# Reactivity



## d e c a d e n t (Apr 21, 2013)

I'm curious how reactive types (or anyone who feels like answering) experience their reactivity.

Also, does it still count as reactivity if you feel reactive but you don't express it? I admit I'm a bit unsure, because I experience myself as reactive but I don't always seem to come off that way.


----------



## Aha (Mar 6, 2014)

fgufhjlihudjfguoihjfdgjfdhl;dfghdrh


----------



## Aha (Mar 6, 2014)




----------



## HellCat (Jan 17, 2013)

Nonsense said:


> I'm curious how reactive types (or anyone who feels like answering) experience their reactivity.
> 
> Also, does it still count as reactivity if you feel reactive but you don't express it? I admit I'm a bit unsure, because I experience myself as reactive but I don't always seem to come off that way.


Signs add up and something feels off , If under stress I flip out and @_Animal_ @_CaptSwan_ and @_Cosmic Orgasm_ have to talk me down because I am a crazy six sometimes with a shitty inf Fi

Two years ago I met this guy, knew he was wrong for me was trying to buy me off based on how I looked, arrogant prick to the core. My brother said "won't last" 

My response " FUCK YOU WATCH ME MARRY HIM." Nobody tells me what to do, whom to be, how my life will go.
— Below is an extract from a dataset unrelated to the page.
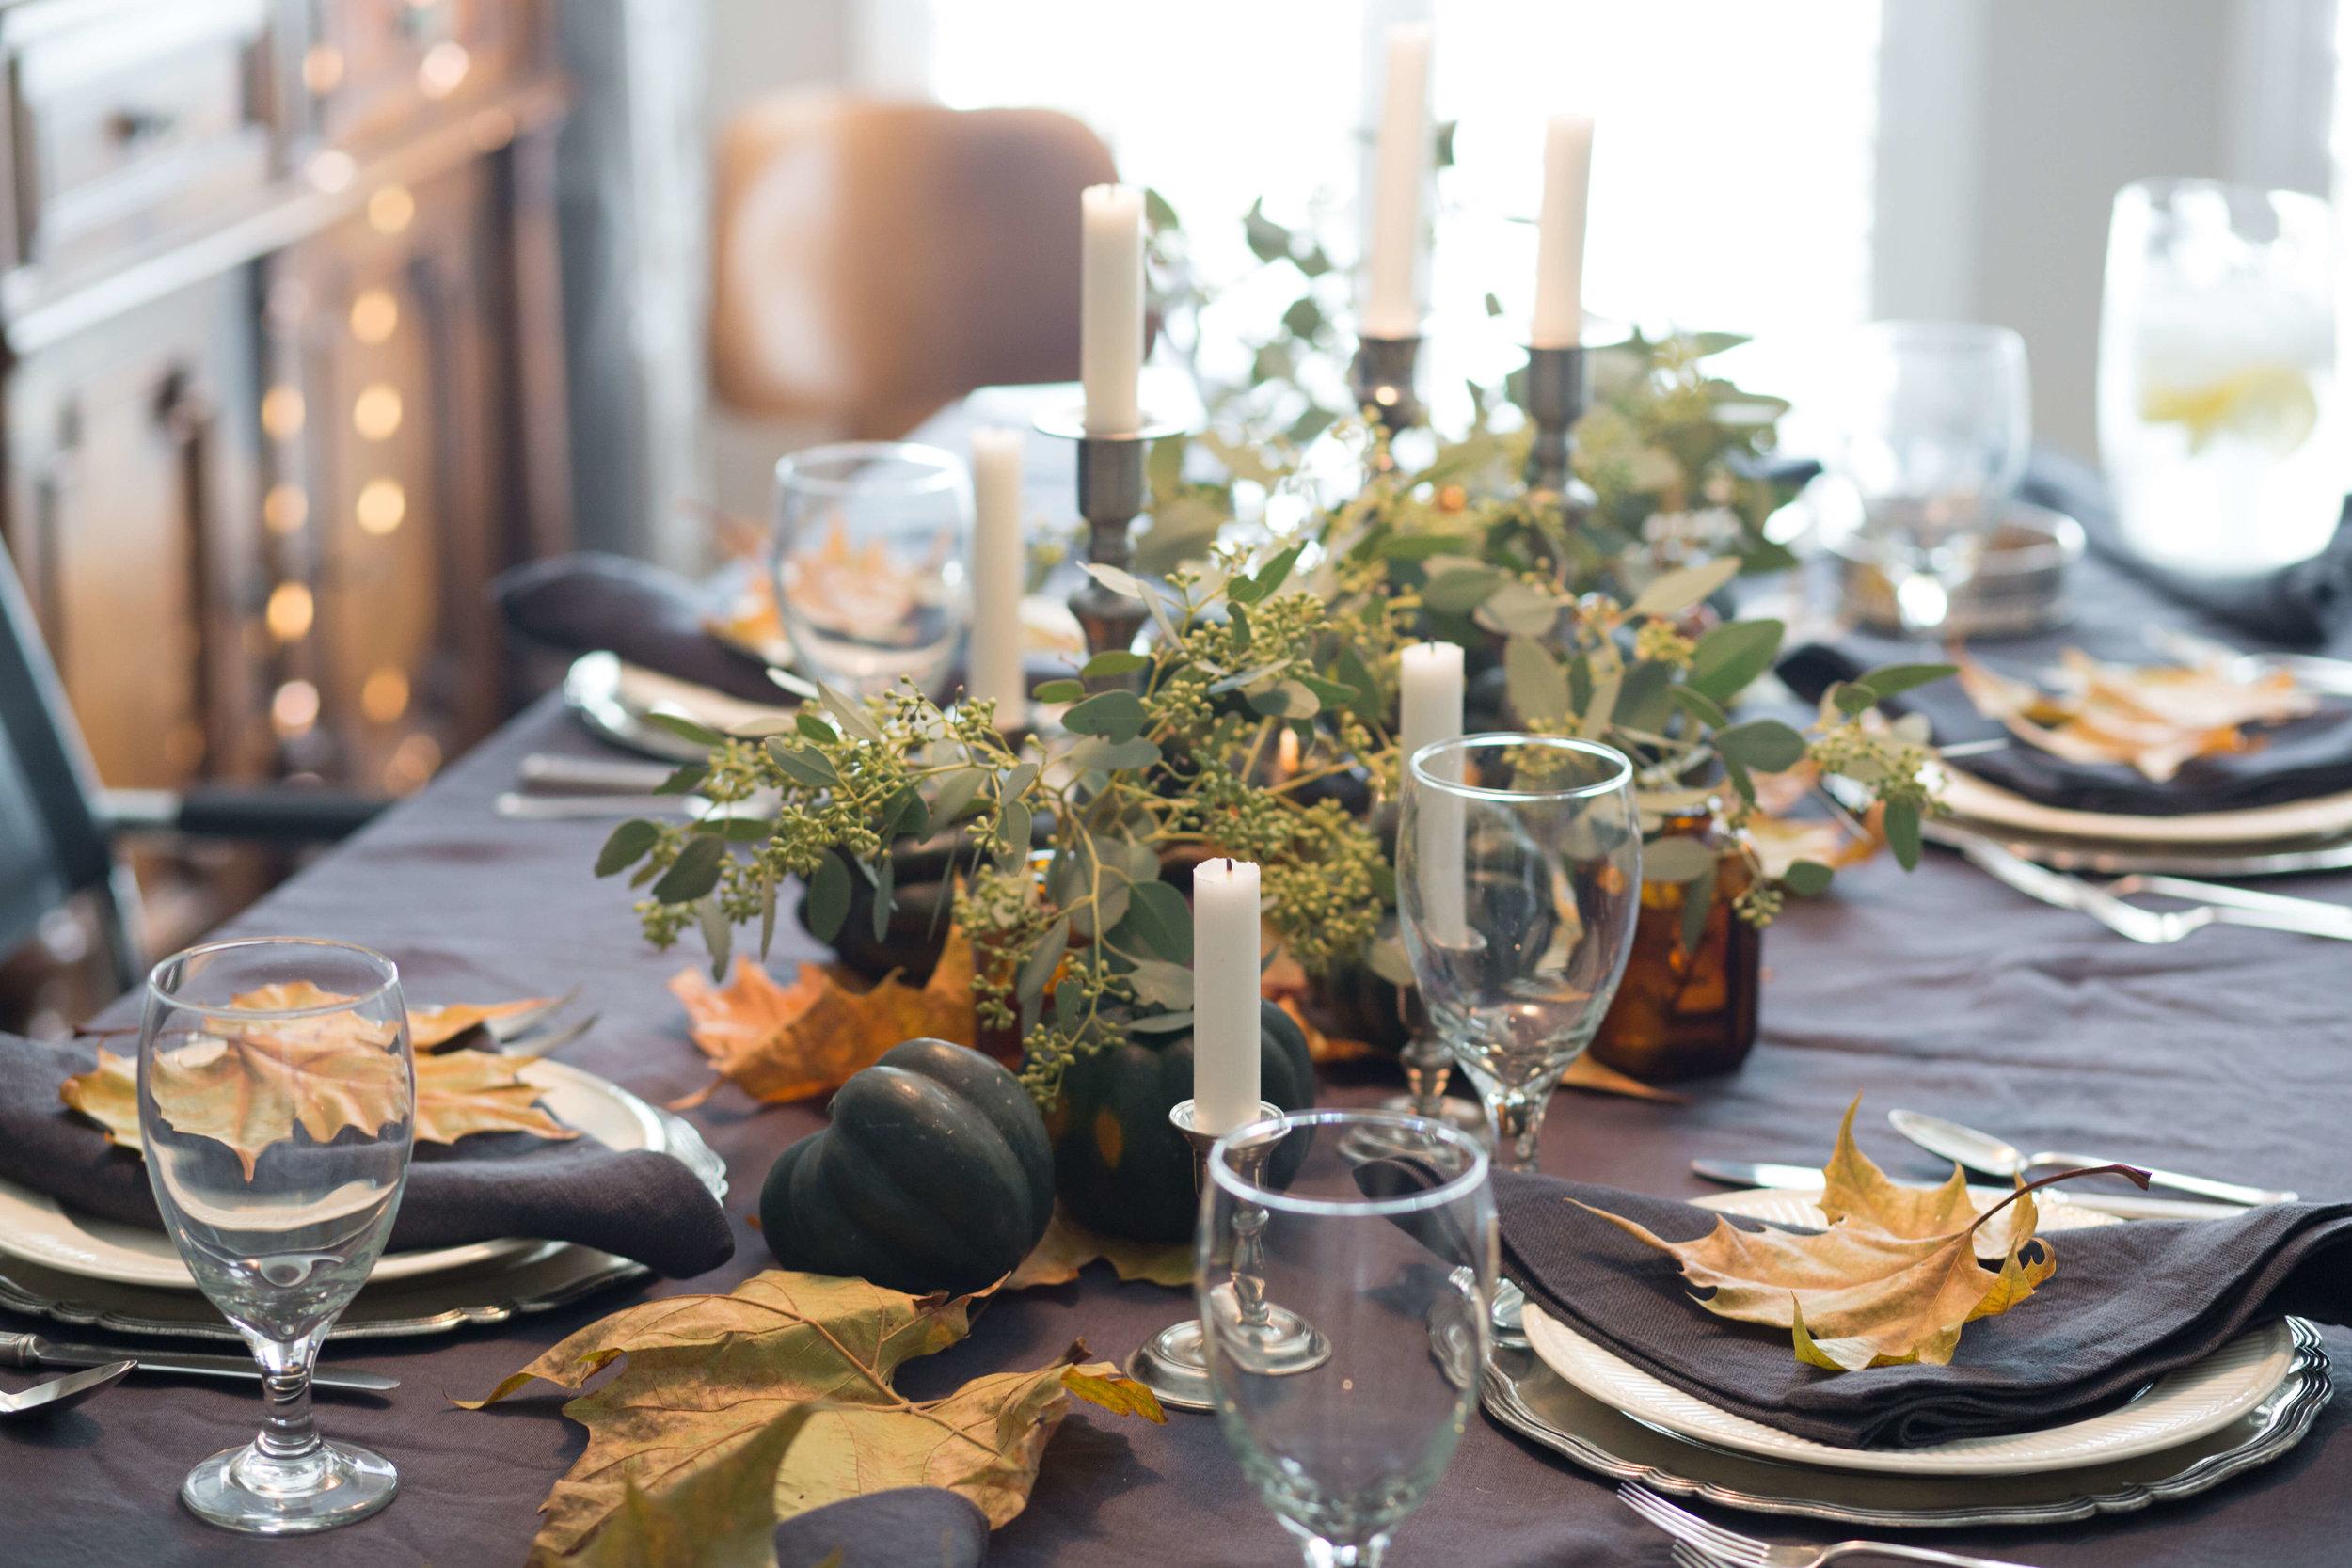 Fall tabletop with trending taper candles | Carla Aston Interior Designer, Tori Aston Photographer #tapercandles #candlesticks #interiordesigntrends #trending

Without respectfully consulting me first. 

Do I lack wisdom sometimes..God yes but now that I realize I am crazy and a fucking 684 with the worlds worst ability to process emotionally without slowing down and breathing and stopping the immediate lashing out counterphobic reactions I have ...


I force myself, every time something happens now to stop and think. 

Now where is the logic in this? Don't do something stupid! THINK. Strategize, get your whiteboard!

I hope that helped.


----------



## d e c a d e n t (Apr 21, 2013)

@Aha
I see.


----------



## Aha (Mar 6, 2014)

Nonsense said:


> I'm curious how reactive types (or anyone who feels like answering) experience their reactivity.
> 
> Also, does it still count as reactivity if you feel reactive but you don't express it? I admit I'm a bit unsure, because I experience myself as reactive but I don't always seem to come off that way.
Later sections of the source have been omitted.